- _Problem description_
An exact copy of all the data is required, with pictures left out.

- _Data provided_
+-------+
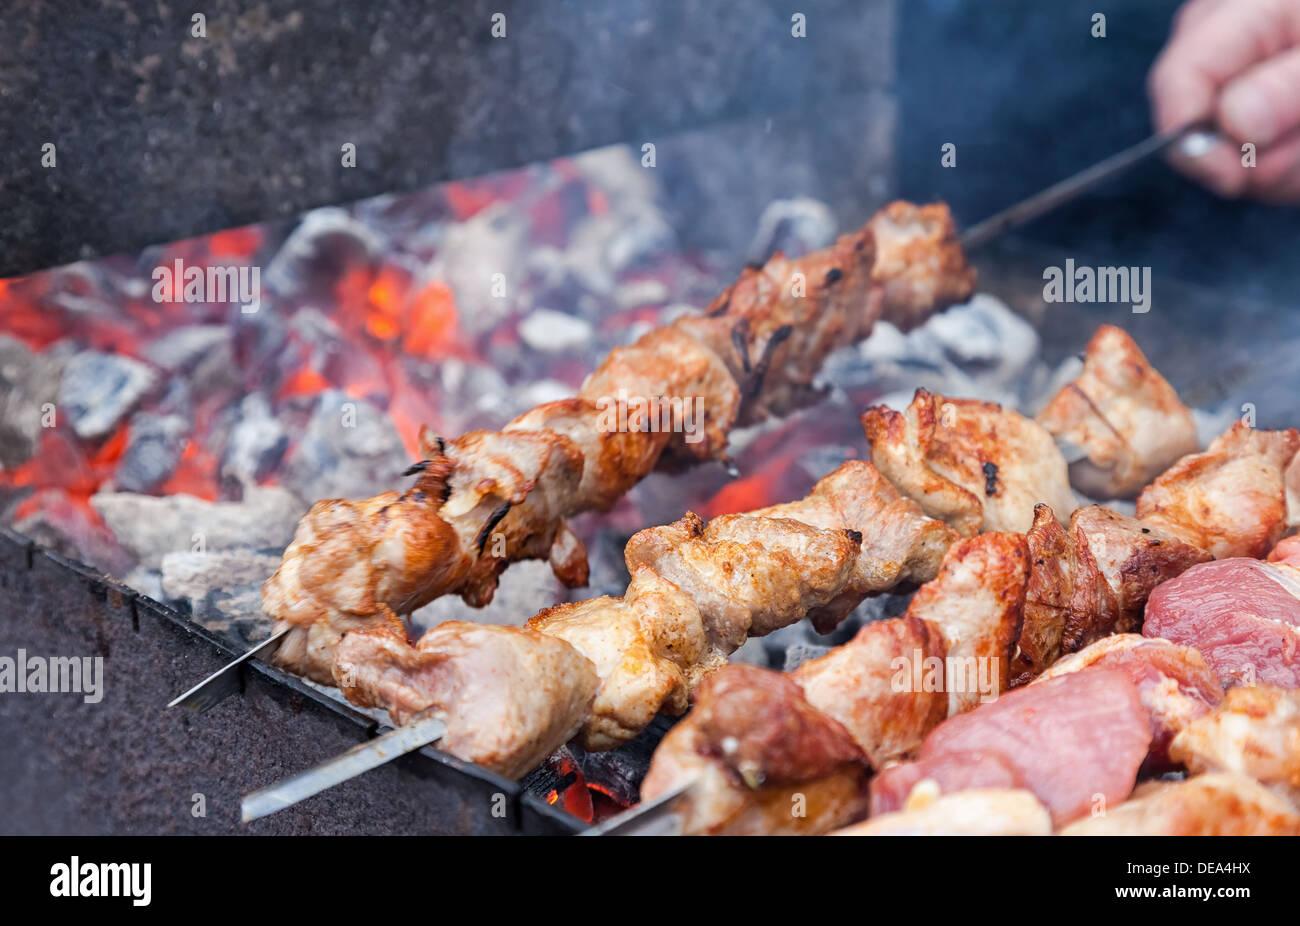 Juteuse tranches de viande en sauce préparer sur charbons ardents Photo Stock
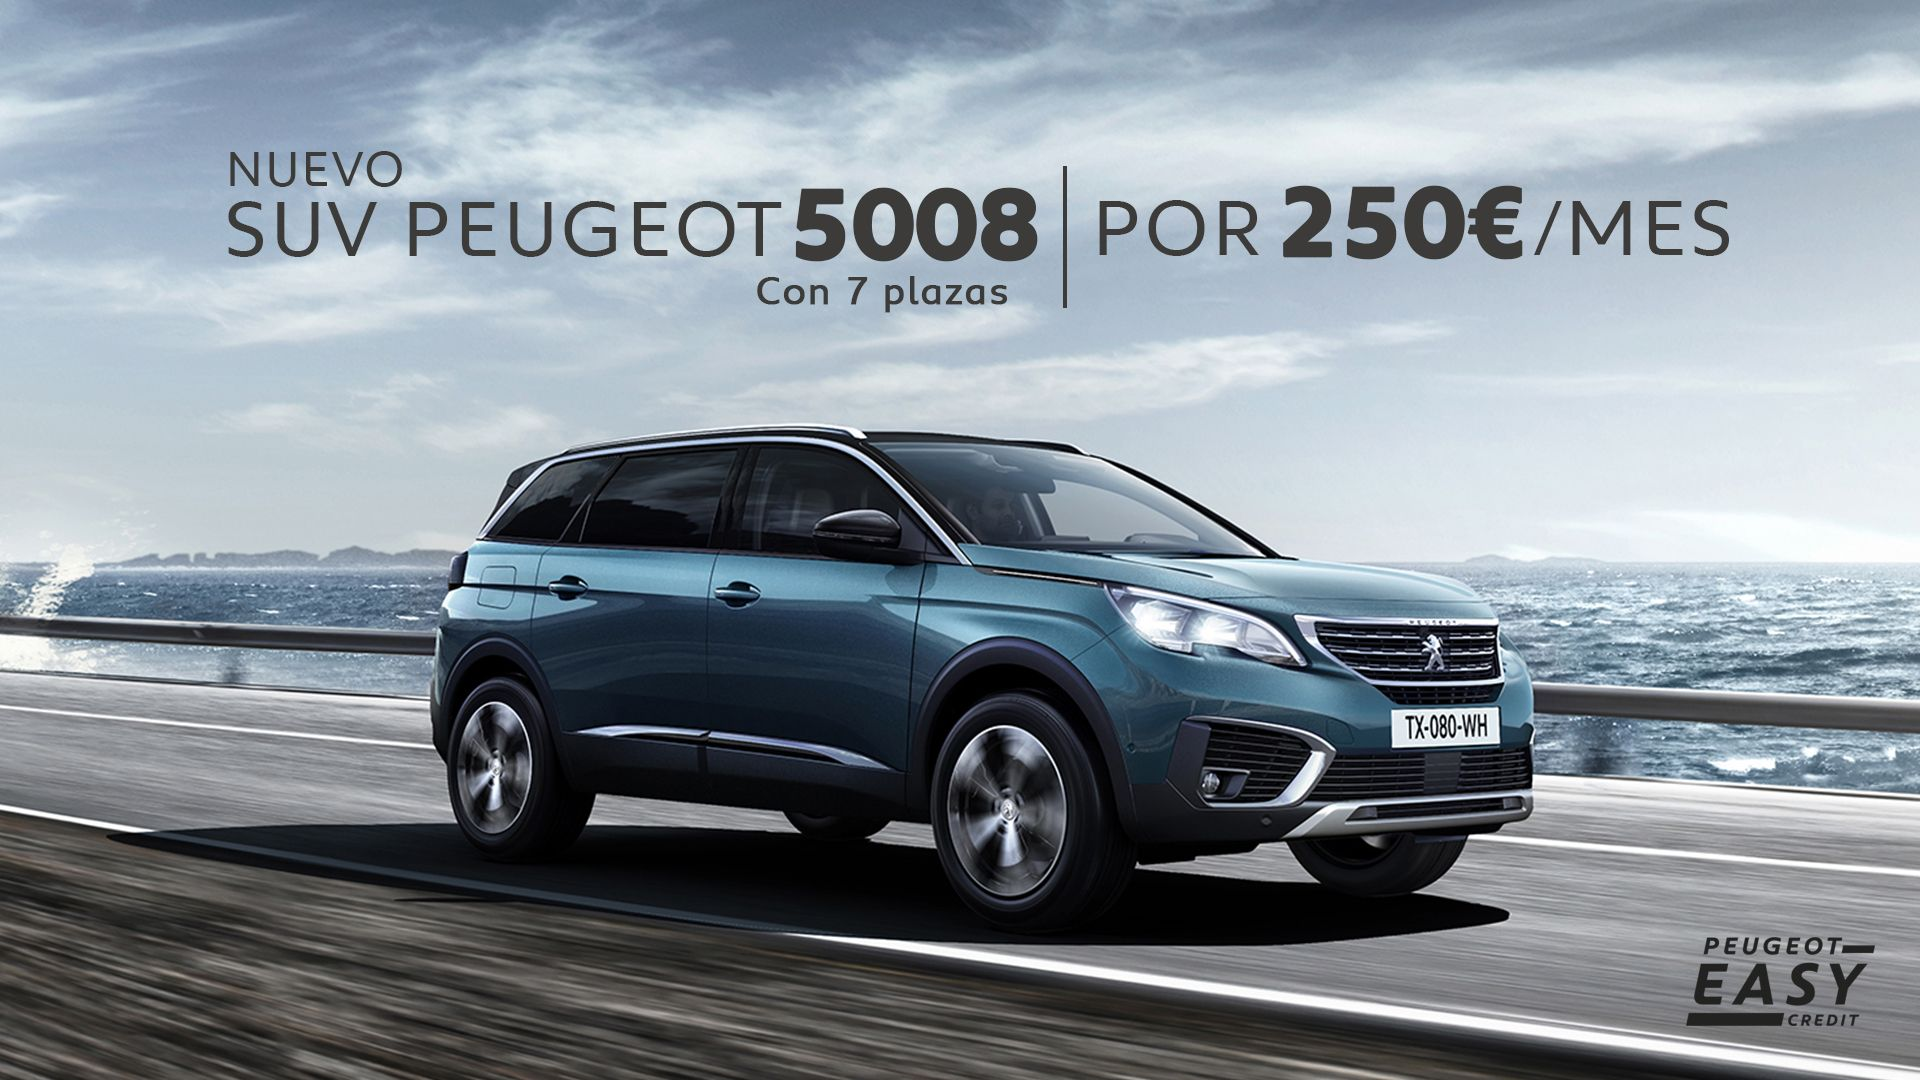 Llévate un SUV 5008 por 250€/mes con el primer mantenimiento gratis
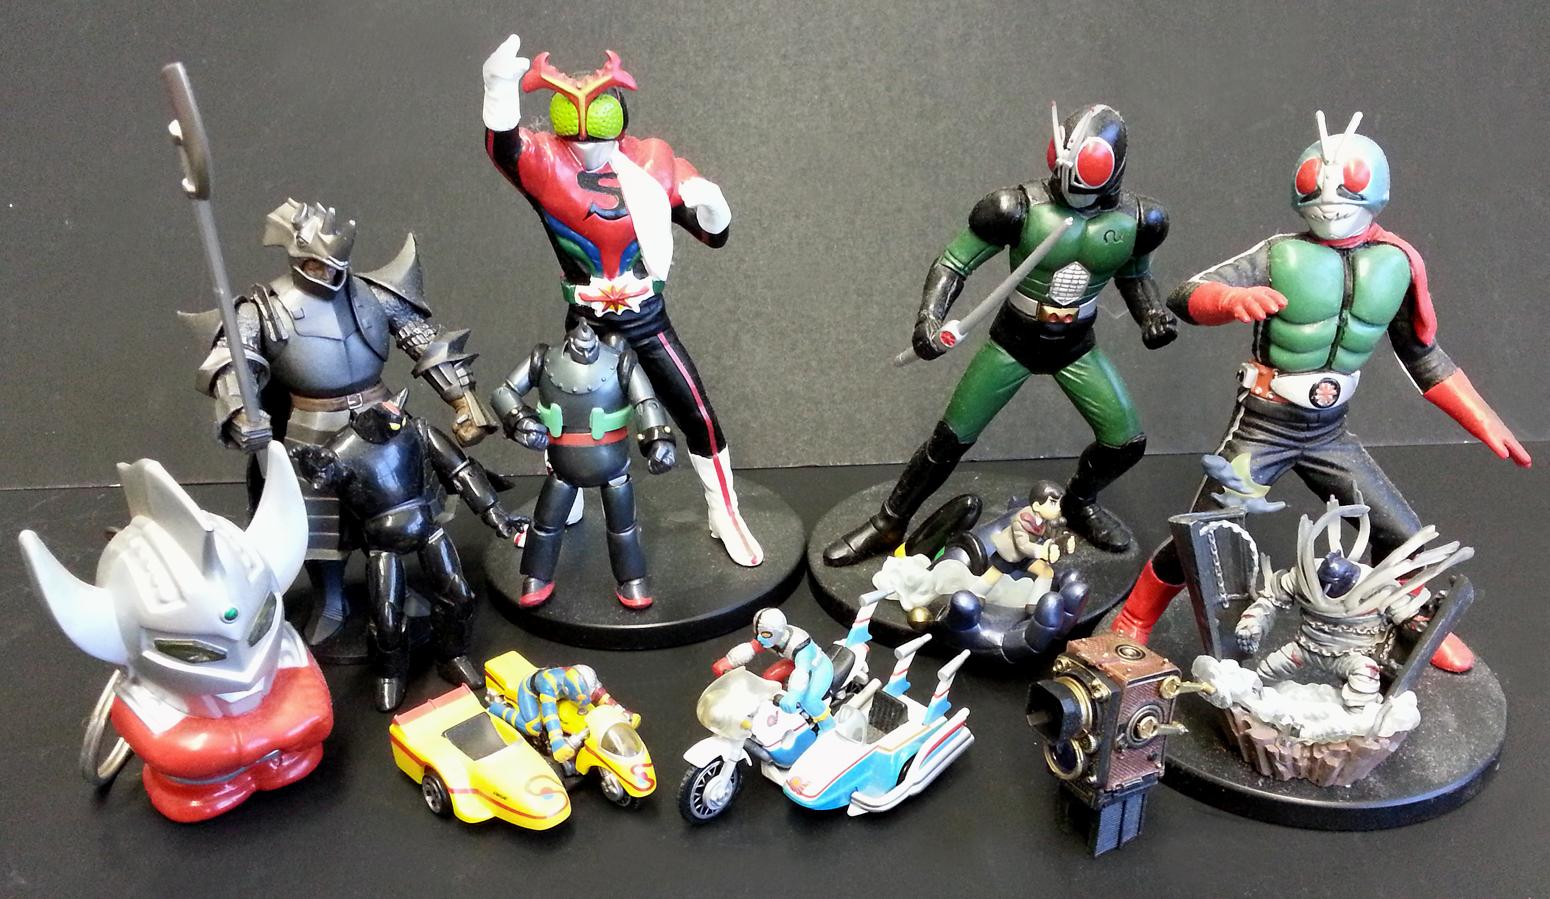 Japanese Superheroes Costumes Speaking of Japanese Superhero
+-------+
- _Result below_
 Juteuse tranches de viande en sauce préparer sur charbons ardents Photo Stock
 Llévate un SUV 5008 por 250€/mes con el primer mantenimiento gratis
 Japanese Superheroes Costumes Speaking of Japanese Superhero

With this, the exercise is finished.